Moring pointed out that the medical industry has not been far behind aerospace in its influence.

“Twenty or 30 years ago, you didn’t have the proliferation of materials that could be put into the body for medical implants, like titanium or some kind of chromium-cobalt material,” he said. “You have to change the chemistry of the metal so it can stay in the body and last a long time, and that doesn’t always help machining characteristics.”

When Emuge Corp., West Boylston, Mass., entered the North American market in the 1980s, the aerospace industry was, and remains, a strong manufacturing sector in New England.

“Aerospace manufacturers were starting to use Inconels and titanium in their parts,” said Emuge Product Director Mark Hatch. “Those materials were newer generation at the time, resulting in significant learning curves” for tool users and manufacturers.


Material-specific taps continue to evolve
Emuge offers the Rekord D-TI tap, a blind-hole tap for threading titanium alloys. Image courtesy of Emuge.


He said tap breakage is of high concern for all industries and certainly for aerospace.

“They’re making high-cost, safety-critical components,” Hatch said. “By the time they get to the tapping operation, which is one of the last processes for some of these parts, tens of thousands of dollars could be at risk from a broken thread.

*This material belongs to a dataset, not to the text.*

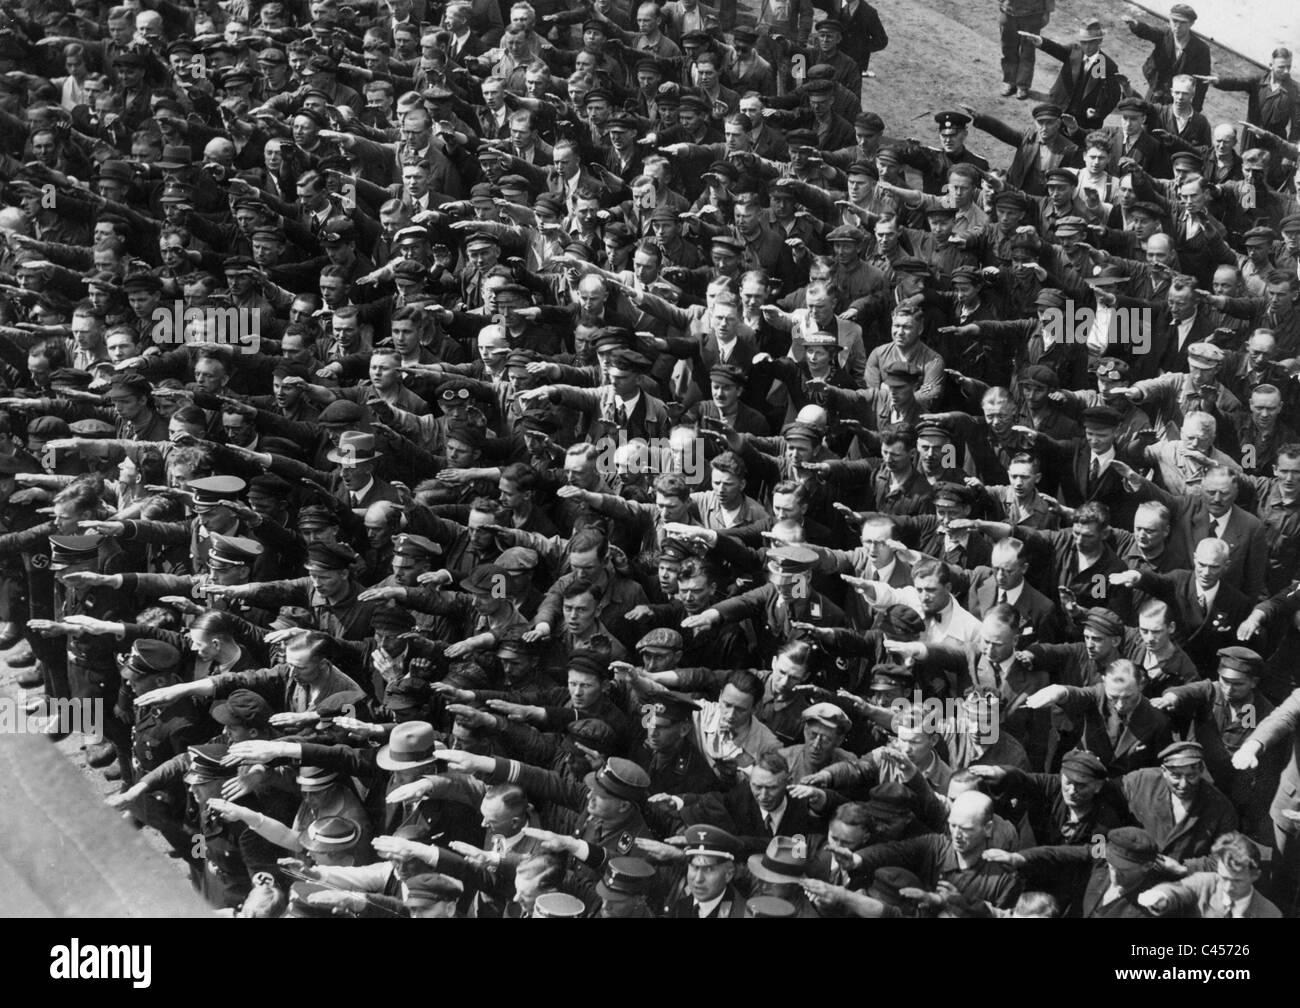 refusal-to-the-nazi-salute-1936-C45726.j

A broken tap, a nonconforming thread that’s not gaging correctly or rough, torn threads are some of the problems you can encounter.”

More Materials, More Taps

J.M. Sales-USA has sold Hahnreiter taps from Germany in the U.S. and Canada for the past 8 years, and the tap maker frequently tweaks its product line for specific applications.

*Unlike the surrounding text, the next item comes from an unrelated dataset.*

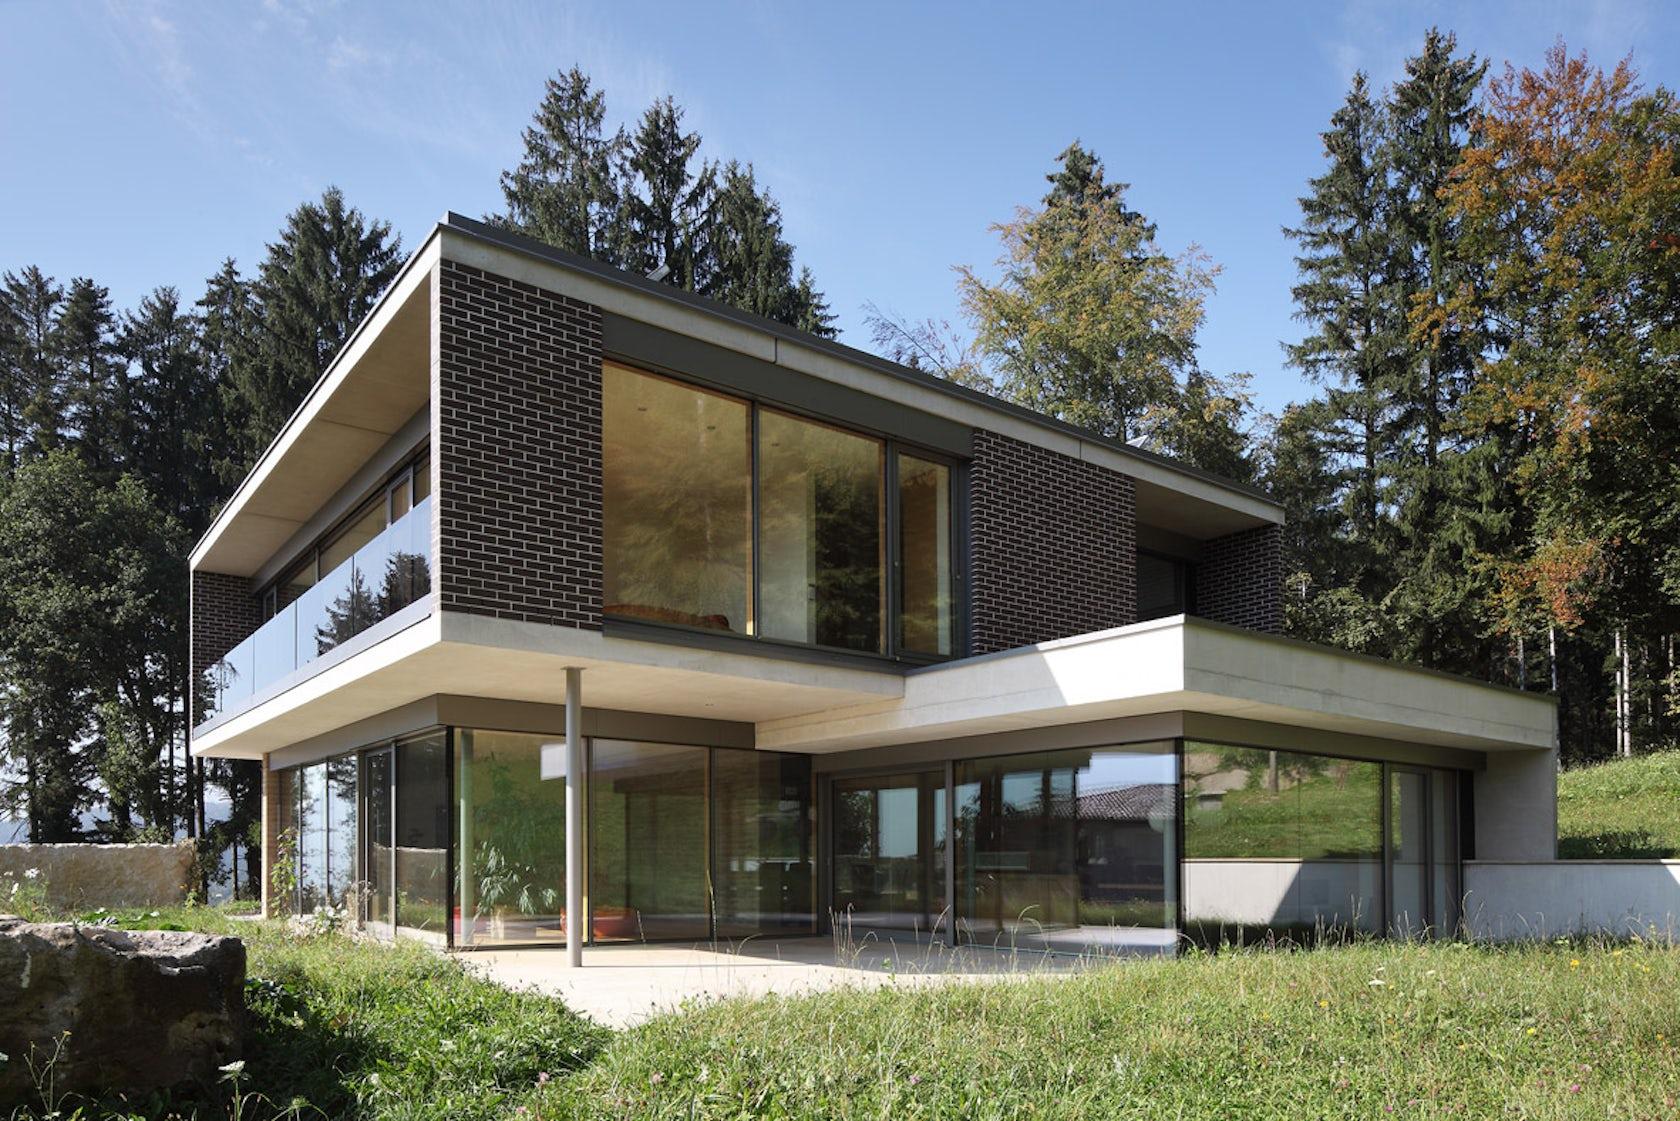 einfamilienhaus gulm architizer. Black Bedroom Furniture Sets. Home Design Ideas

For instance, it recently released the Spiralo 48 TS TiN tap, which is designed to promote chip evacuation when tapping deep, blind holes in long-chipping materials. According to Hahnreiter, the flute geometry prevents the formation of “bird nests”—the stringy chips that wrap around the tool shank and must be manually removed.

Materials are increasingly diversifying, and suppliers of taps are following suit, Mazzenga said.

“I see more and more of what I never had to deal with long ago: the tougher stainless steels, such as austenitic stainless, and the high-temperature alloys, such as the Inconels and Hastelloys, and titanium,” he said. “Austenitic, for example, is tough to machine yet stringy at the same time. Hahnreiter developed the Nirofix 48 STY/WC tap just for that in blind holes.”


Material-specific taps continue to evolve
Hahnreiter provides the Spiralo 48 TS TiN tap, which is designed to allow proper chip evacuation for deep, blind holes in long-chipping material. According to the company, the flute geometry avoids the buildup of “bird nests.” Image courtesy of Wilhelm Becker GmbH & Co. KG.


Mazzenga said the tap has a special multilayer coating to help resist heat and wear and that the addition of tungsten carbide to the surface provides excellent gliding performance so that hot chips do not stick to the tool.